Peut-être ne devrais-je pas ouvrir. Parce que je sais que c'est toi, que tu es la seule à savoir où je me trouve, que sur le papier je te haïs et que c'est réciproque. Parce que tout le monde m'aurait certainement déconseillé de le faire.

Mais puisque plus personne n'est là pour m'en empêcher, je me lève, m'arrache à mes draps qui semblent s'accrocher à ma peau tels des ventouses. Les doigts sur le verrou de la porte, j'hésite. Ma main tremble, mais ma paume moite se pose sur la poignée.

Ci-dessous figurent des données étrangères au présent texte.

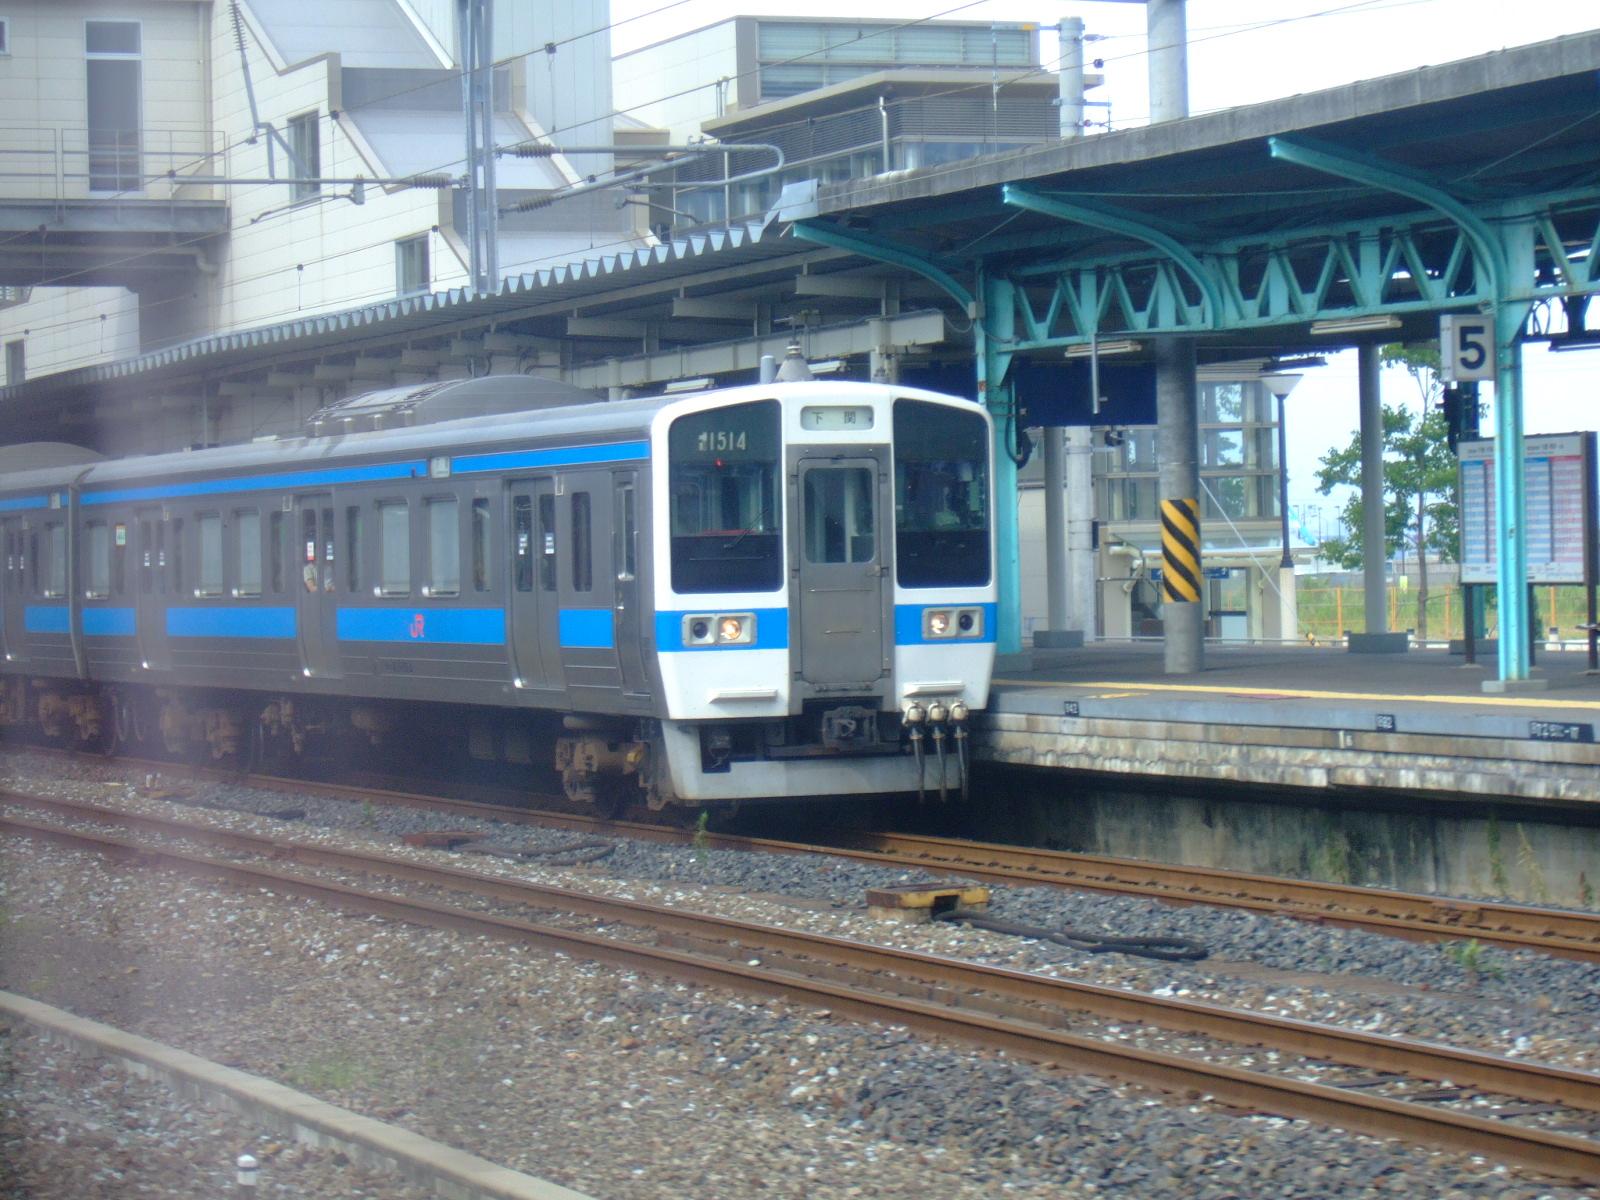 Dscf2471
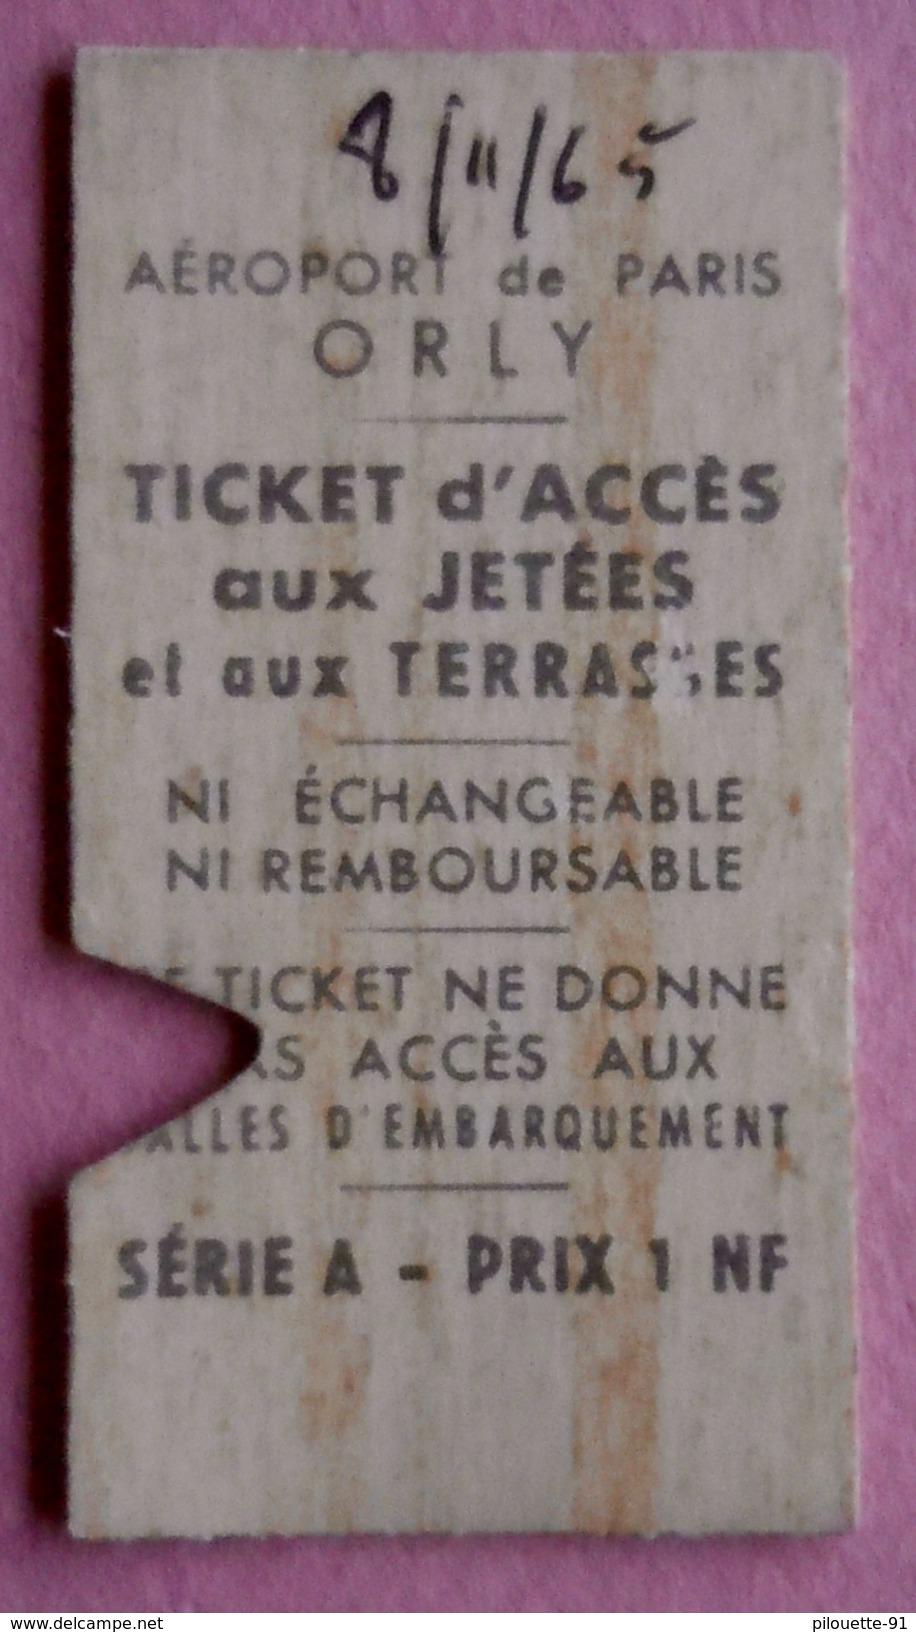 Aéroport De Paris Orly Ticket D'accès Aux Jetées Et Aux Terrasses Série A - Prix 1 NF - Otros

Lorsque j'ouvre, tu es là. Comme je t'imaginais. Droite comme un i ; ta veste de cuir sur le dos, celle qui te donne un air hargneux ; les cheveux ébouriffés par une course que ta posture militaire ne trahit pas ; les joues rosées ; tes yeux scintillants. Ces prunelles brunes parsemées d'éclats d'or et de cuivre que je ne pensais plus croiser.

« Je peux entrer ? »

Ta voix rauque me tire de mes pensées et je m'efface du pas de la porte afin de t'ouvrir la voie. Tu t'engouffres dans ma chambre d'hôtel, miteuse mais assez spacieuse. Avec cette avidité curieuse que je te connaissais, tu scrutes, inspectes le moindre recoin sans bouger d'un iota, plantée au milieu de la pièce. Sur ce tapis certainement rongé par les mites, dont je n'ose pas même imaginer l'existence, tu pourrais rester longtemps cloitrée dans ton mutisme, si je ne tentais pas une tentative d'approche.

« Pourquoi tu es venue ? »

Approche certes plus agressive que je ne l'aurais souhaitée, mais tu m'as arrachée d'une torpeur angoissée de laquelle j'ai encore du mal à m'extirper et les quelques repères qui me restaient en ressortent brouillés.

« Fallait que je te vois.

— Pour quelles raisons ?

— Je sais pas. »

Sur la défensive, car cela fait plusieurs mois que tu n'as donné signe de vie et que tu débarques ici à l'improviste, je fronce les sourcils. Je recule un peu et me laisse choir sur mon matelas. (J'aurais eu du mal à appeler un tel meuble un lit. Cela ressemblait seulement à un sommier sommaire surmonté d'un matelas si fin qu'il n'en mérite pas même le nom. Je me demande comment j'ai fait pour dormir toutes ces semaines sur cette chose.)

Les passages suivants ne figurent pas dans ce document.